/*
 * Copyright (c) 2011-2013 Luc Verhaegen <libv@skynet.be>
 * Copyright (c) 2018 Alyssa Rosenzweig <alyssa@rosenzweig.io>
 * Copyright (c) 2018 Vasily Khoruzhick <anarsoul@gmail.com>
 * Copyright (c) 2019 Collabora, Ltd.
 *
 * Permission is hereby granted, free of charge, to any person obtaining a
 * copy of this software and associated documentation files (the "Software"),
 * to deal in the Software without restriction, including without limitation
 * the rights to use, copy, modify, merge, publish, distribute, sub license,
 * and/or sell copies of the Software, and to permit persons to whom the
 * Software is furnished to do so, subject to the following conditions:
 *
 * The above copyright notice and this permission notice (including the
 * next paragraph) shall be included in all copies or substantial portions
 * of the Software.
 *
 * THE SOFTWARE IS PROVIDED "AS IS", WITHOUT WARRANTY OF ANY KIND, EXPRESS OR
 * IMPLIED, INCLUDING BUT NOT LIMITED TO THE WARRANTIES OF MERCHANTABILITY,
 * FITNESS FOR A PARTICULAR PURPOSE AND NON-INFRINGEMENT. IN NO EVENT SHALL
 * THE AUTHORS OR COPYRIGHT HOLDERS BE LIABLE FOR ANY CLAIM, DAMAGES OR OTHER
 * LIABILITY, WHETHER IN AN ACTION OF CONTRACT, TORT OR OTHERWISE, ARISING
 * FROM, OUT OF OR IN CONNECTION WITH THE SOFTWARE OR THE USE OR OTHER
 * DEALINGS IN THE SOFTWARE.
 *
 */

#include <stdbool.h>
#include "pan_tiling.h"

/* This file implements software encode/decode of the tiling format used for
 * textures and framebuffers primarily on Utgard GPUs.

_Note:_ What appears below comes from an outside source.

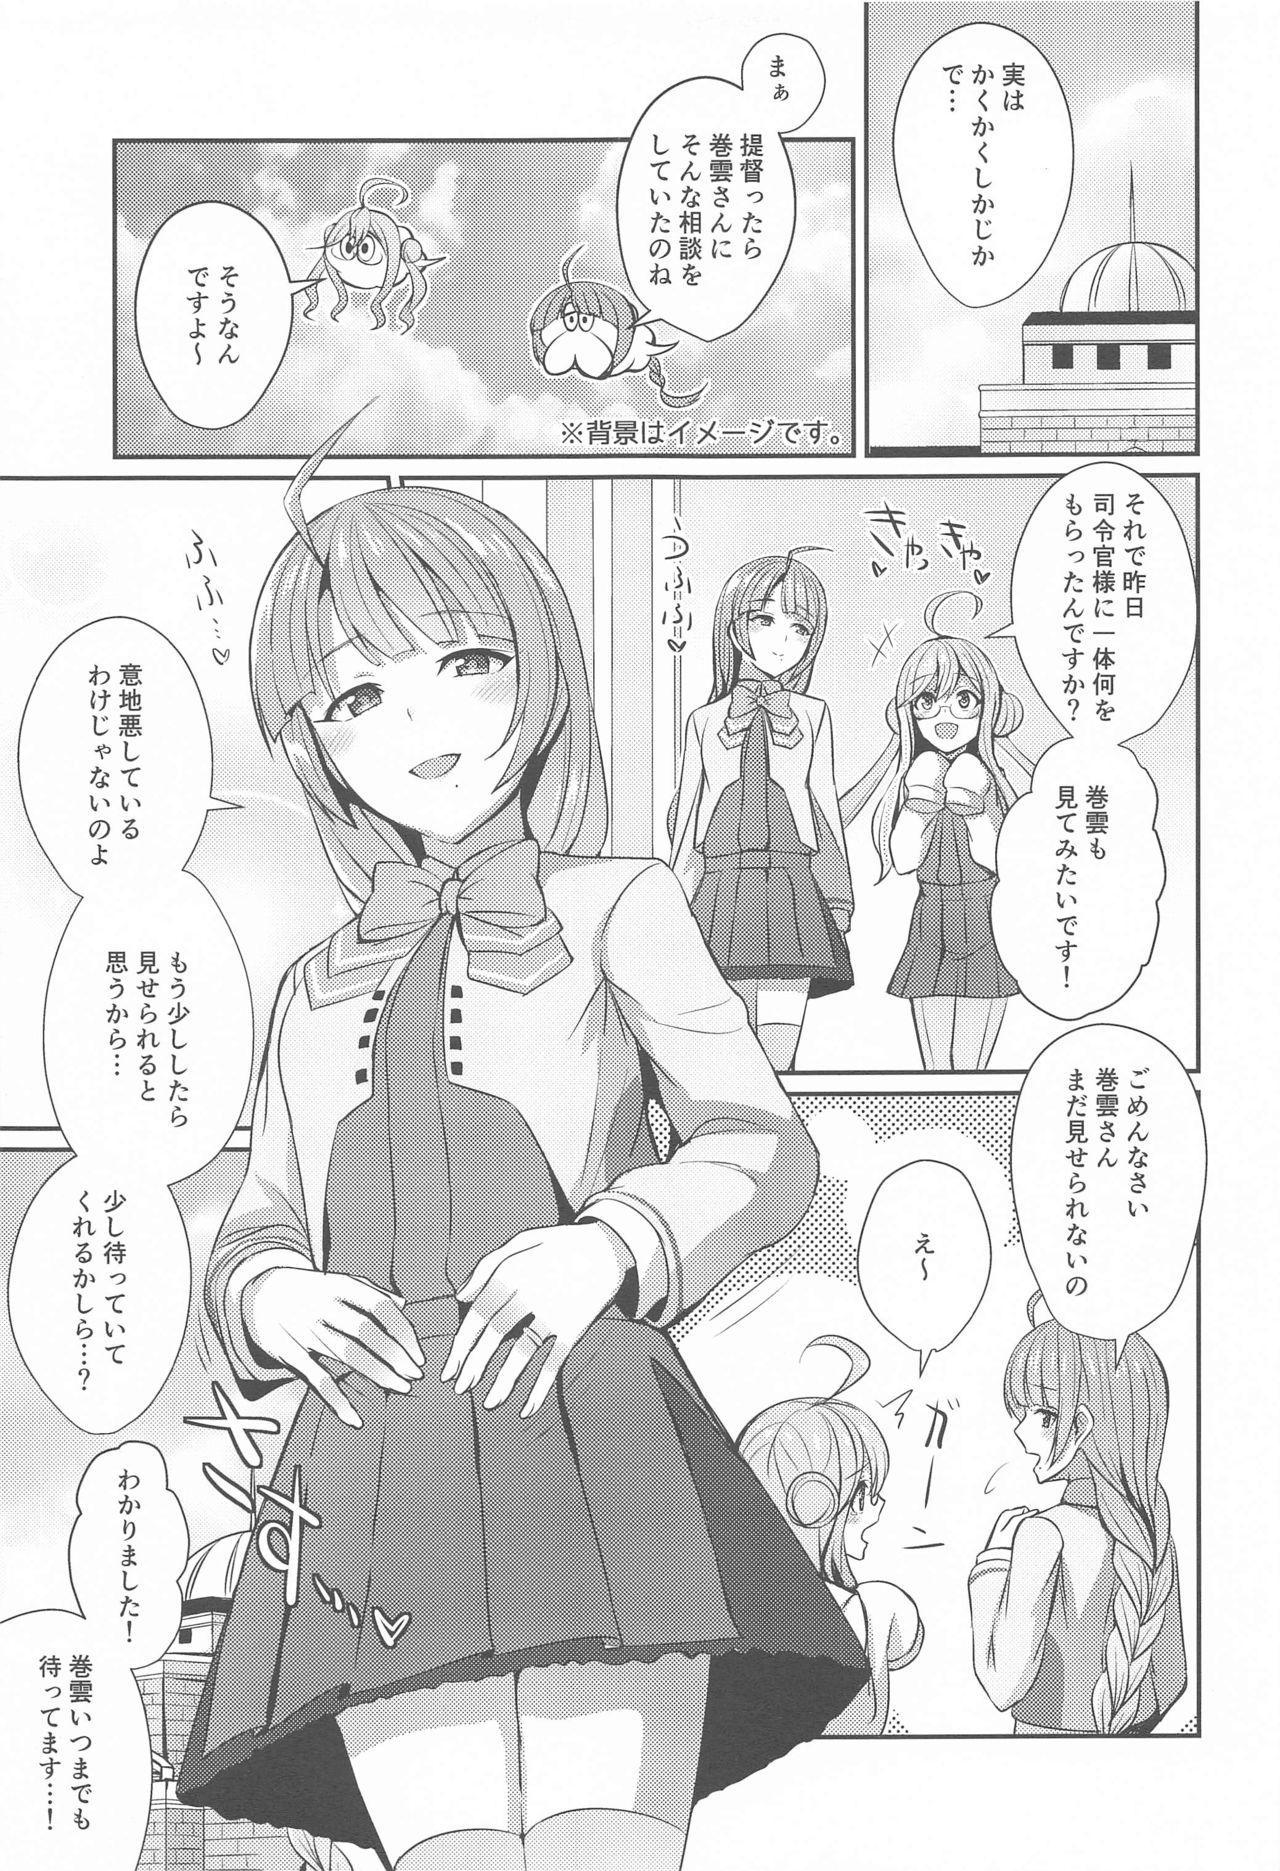 Yuugumo no Hoshii Mono 19

Names for this format
 * include "Utgard-style tiling", "(Mali) swizzled textures", and
 * "U-interleaved" (the former two names being used in the community
 * Lima/Panfrost drivers; the latter name used internally at Arm).
 * Conceptually, like any tiling scheme, the pixel reordering attempts to 2D
 * spatial locality, to improve cache locality in both horizontal and vertical
 * directions.
 *
 * This format is tiled: first, the image dimensions must be aligned to 16
 * pixels in each axis. Once aligned, the image is divided into 16x16 tiles.
 * This size harmonizes with other properties of the GPU; on Midgard,
 * framebuffer tiles are logically 16x16 (this is the tile size used in
 * Transaction Elimination and the minimum tile size used in Hierarchical
 * Tiling). Conversely, for a standard 4 bytes-per-pixel format (like
 * RGBA8888), 16 pixels * 4 bytes/pixel = 64 bytes, equal to the cache line
 * size.
 *
 * Within each 16x16 block, the bits are reordered according to this pattern:
 *
 * | y3 | (x3 ^ y3) | y2 | (y2 ^ x2) | y1 | (y1 ^ x1) | y0 | (y0 ^ x0) |
 *
 * Basically, interleaving the X and Y bits, with XORs thrown in for every
 * adjacent bit pair.
 *
 * This is cheap to implement both encode/decode in both hardware and software.
 * In hardware, lines are simply rerouted to reorder and some XOR gates are
 * thrown in. Software has to be a bit more clever.
 *
 * In software, the trick is to divide the pattern into two lines:
 *
 *    | y3 | y3 | y2 | y2 | y1 | y1 | y0 | y0 |
 *  ^ |  0 | x3 |  0 | x2 |  0 | x1 |  0 | x0 |
 *
 * That is, duplicate the bits of the Y and space out the bits of the X. The
 * top line is a function only of Y, so it can be calculated once per row and
 * stored in a register. The bottom line is simply X with the bits spaced out.
 * Spacing out the X is easy enough with a LUT, or by subtracting+ANDing the
 * mask pattern (abusing carry bits).
 *
 * This format is also supported on Midgard GPUs, where it *can* be used for
 * textures and framebuffers. That said, in practice it is usually as a
 * fallback layout; Midgard introduces Arm FrameBuffer Compression, which is
 * significantly more efficient than Utgard-style tiling and preferred for both
 * textures and framebuffers, where possible. For unsupported texture types,
 * for instance sRGB textures and framebuffers, this tiling scheme is used at a
 * performance penalty, as AFBC is not compatible.
 */

/* Given the lower 4-bits of the Y coordinate, we would like to
 * duplicate every bit over. So instead of 0b1010, we would like
 * 0b11001100. The idea is that for the bits in the solely Y place, we
 * get a Y place, and the bits in the XOR place *also* get a Y. */

uint32_t bit_duplication[16] = {
   0b00000000,
   0b00000011,
   0b00001100,
   0b00001111,
   0b00110000,
   0b00110011,
   0b00111100,
   0b00111111,
   0b11000000,
   0b11000011,
   0b11001100,
   0b11001111,
   0b11110000,
   0b11110011,
   0b11111100,
   0b11111111,
};

/* Space the bits out of a 4-bit nibble */

unsigned space_4[16] = {
   0b0000000,
   0b0000001,
   0b0000100,
   0b0000101,
   0b0010000,
   0b0010001,
   0b0010100,
   0b0010101,
   0b1000000,
   0b1000001,
   0b1000100,
   0b1000101,
   0b1010000,
   0b1010001,
   0b1010100,
   0b1010101
};

/* The scheme uses 16x16 tiles */

#define TILE_WIDTH 16
#define TILE_HEIGHT 16
#define PIXELS_PER_TILE (TILE_WIDTH * TILE_HEIGHT)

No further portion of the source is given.